Не верь, не бойся, не проси или «Машина смерти»
Шрифт:
— Докладываю: моя гражданская совесть стоит по стойке «смирно». Куда мы с ней должны явиться? Когда? Этаж? Номер комнаты?
Но час спустя, перешагнув порог указанного мне кабинета, я утратил львиную долю желания хохмить и подтрунивать над всеми без разбору сотрудниками этого серьезного учреждения. В кресле за обширным столом, угрожающе заваленным бумагами, сидел мой не сказать, чтобы добрый, но во всяком случае давний знакомец, старший следователь по особо важным делам («следователь по особо важным телам», как прозвал его Артем), в просторечии важняк, Альберт Хван.
Он-то был в отличие
— Садитесь, — Хван приглашающе взмахнул рукой в сторону жесткого стула справа от стола.
— Закуривать и рассказывать? — уточнил я.
— Ну, началось, — пробормотал он, извлек откуда-то из-под столешницы огромный мятый носовой платок в пятнах сырости и принялся промокать им лицо.
О лице Хвана стоит сказать отдельно. Бедняге не позавидуешь — он страдает, по-моему, от всех известных видов аллергии, проявляющейся в высыпании пятен на коже. Ему нельзя гладить собак и кошек. Нюхать цветочки. Есть мучное, молочное, рыбное, шоколадное и еще Бог знает какое. Ему вредны бытовая пыль и автомобильные выхлопы. Так же, как я подозреваю, Хвану противопоказано общение с репортерами. А поскольку совсем избежать всех этих бесчисленных аллергенов он не в состоянии, его лицо постоянно похоже на лоскутное одеяло, сшитое бедной, но рачительной хозяйкой из обрезков подручного материала. В довершение ко всему в жару он всегда обильно потеет. По-человечески мне его ужасно жаль, но вот беда, нам с ним еще ни разу не удалось опуститься (или подняться, не знаю, где точка отсчета) до уровня простого человеческого общения. Мы — Прокурор и Репортер.
Итак, Хван пробормотал: «Ну, началось», — и вытащил платок, словно давал отмашку нашему с ним новому забегу. Дистанция неизвестна, зато препятствия гарантированы. Аллергия была налицо, переливаясь по прокурорской физиономии всеми цветами от лилового до багрового. Интересно, это на бытовую пыль? Или уже на меня?

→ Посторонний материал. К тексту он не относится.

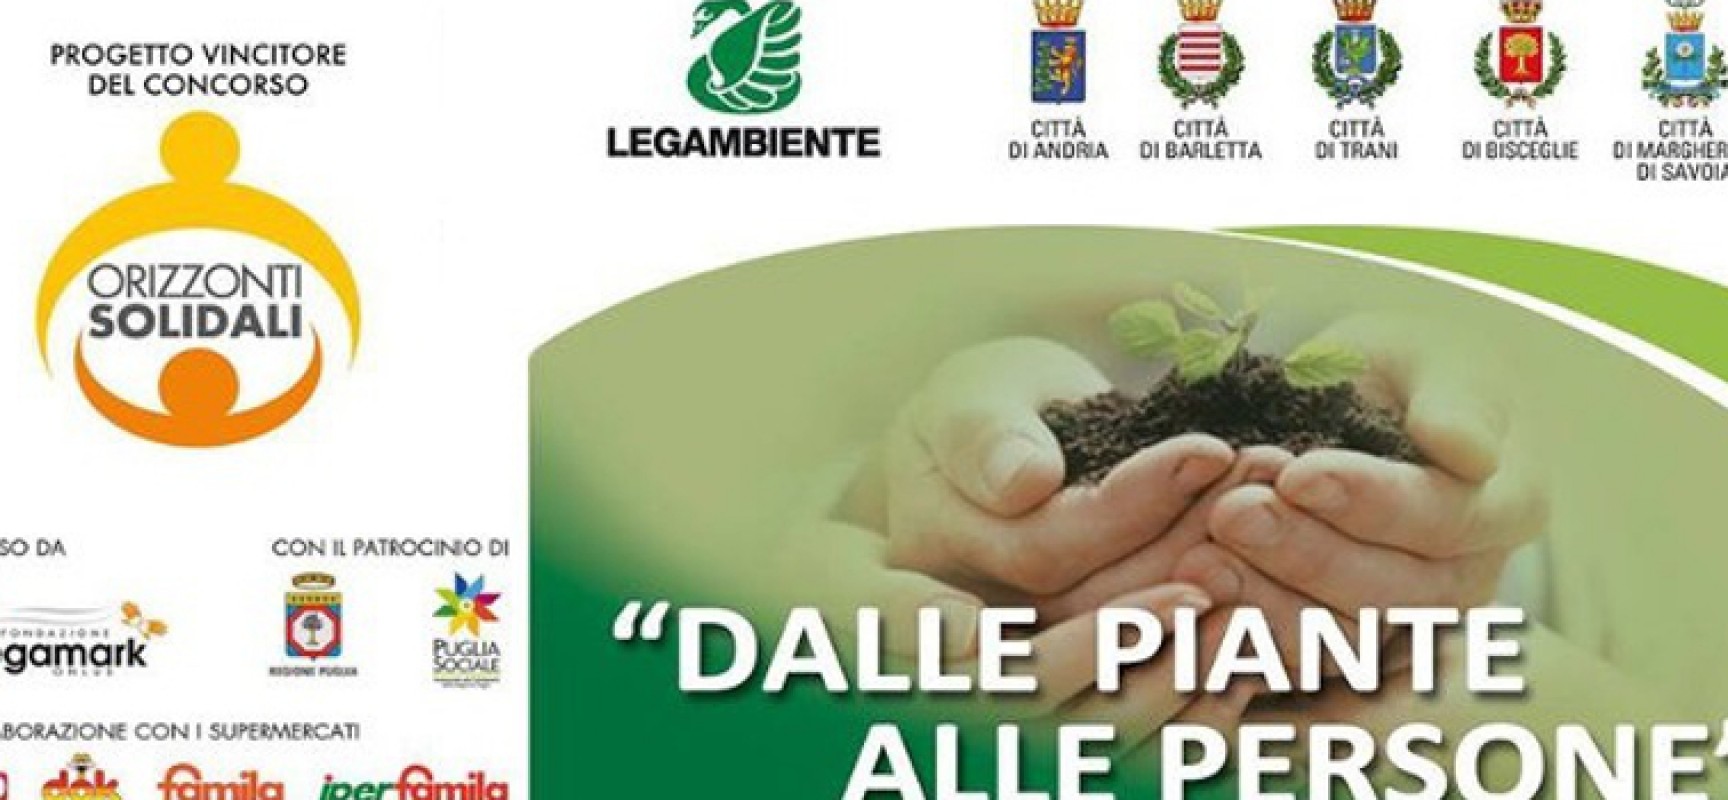 “Dalle piante alle persone”, conferenza stampa in Provincia su progetto recupero aree degradate

Важняк развернул перед собой газету с моей «МАШИНОЙ СМЕРТИ» и, крепко постучав по заголовку заскорузлым от хронического нейродермита указательным пальцем, строго спросил:
— Кто вас на это надоумил?
Я уселся поудобней на стуле, закинул ногу на ногу, натурально закурил и, в свою очередь, безмятежно поинтересовался:
— Это что, допрос?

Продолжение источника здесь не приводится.